Hacía la maleta con disciplina militar. Tantos años viajando le habían enseñado lo importante que era no dejar nada al azar. Un pantalón colocado con premura significaría un penoso proceso de planchado en la minúscula mesa de planchar de la habitación del hotel. Un tubo de pasta de dientes mal cerrado acarrearía una pequeña catástrofe que lo obligaría a realizar una colada urgente. Así que todo lo que llevaba en la gran maleta había que colocarlo con suma precisión.

Axel se sentó en la cama. Era la misma habitación de cuando era niño, pero allí sí que había cambiado la decoración a lo largo de los años. Las maquetas de avión y los tebeos no le parecían adecuados para el dormitorio de un hombre adulto. Se preguntaba si volvería a aquella casa algún día. Le había resultado muy duro permanecer allí las últimas semanas. Al mismo tiempo, sentía que era su deber.

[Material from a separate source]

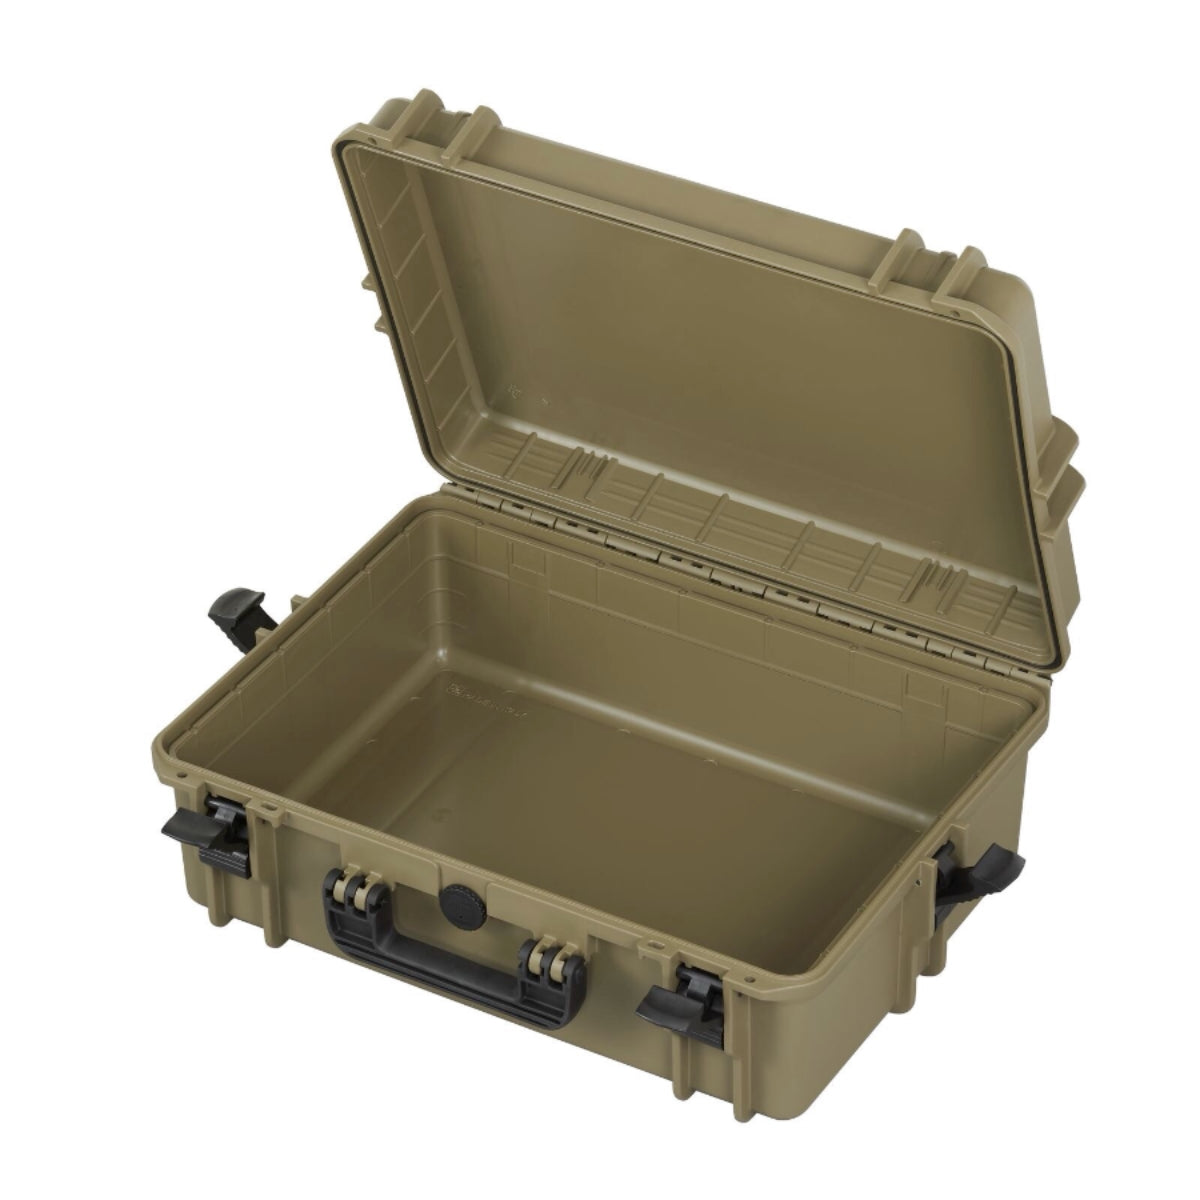 SP PRO 505 Sahara Carry Case, Empty w/ Convoluted Foam in Lid, ID: L500xW350xH194mm

Se levantó y entró en la habitación de Erik, al fondo del largo pasillo de la primera planta. Axel entró y se sentó en el borde de la cama, sonriendo. Era un dormitorio repleto de libros. Por supuesto. Las estanterías atestadas, pilas de libros en el suelo, muchos de ellos con pequeñas notas adhesivas asomando por entre las páginas. Erik jamás se cansó de sus libros, de sus datos, sus fechas y de la realidad imperturbable que podían ofrecerle. Todo ello le facilitaba las cosas a su hermano. La realidad podía leerse sobre el papel. Nada de zonas grises, nada de divagaciones políticas ni de ambigüedades morales, que eran el pan nuestro de cada día en el mundo de Axel. Sólo hechos concretos. La batalla de Hastings en 1066. Napoleón muere en 1821. La rendición de Alemania en mayo de 1945. Axel alargó el brazo para coger un libro que seguía en la cama de Erik. Un grueso volumen sobre la reconstrucción de Alemania después de la guerra. Axel volvió a dejarlo sobre la cama. Lo sabía todo sobre el tema. Su vida llevaba sesenta años girando en torno a la guerra y sus secuelas. Aunque, seguramente y ante todo, había girado en torno a sí mismo. Erik era consciente de ello. El señaló las carencias de la vida de Axel y las de su propia vida. Dio cuenta de ellas como si se tratase de fríos datos. Sin ningún trasunto sentimental, al menos en apariencia. Pero Axel conocía a su hermano lo bastante bien como para saber que, tras todos aquellos datos, había más sentimientos que en la mayoría de las personas a las que había conocido en su vida.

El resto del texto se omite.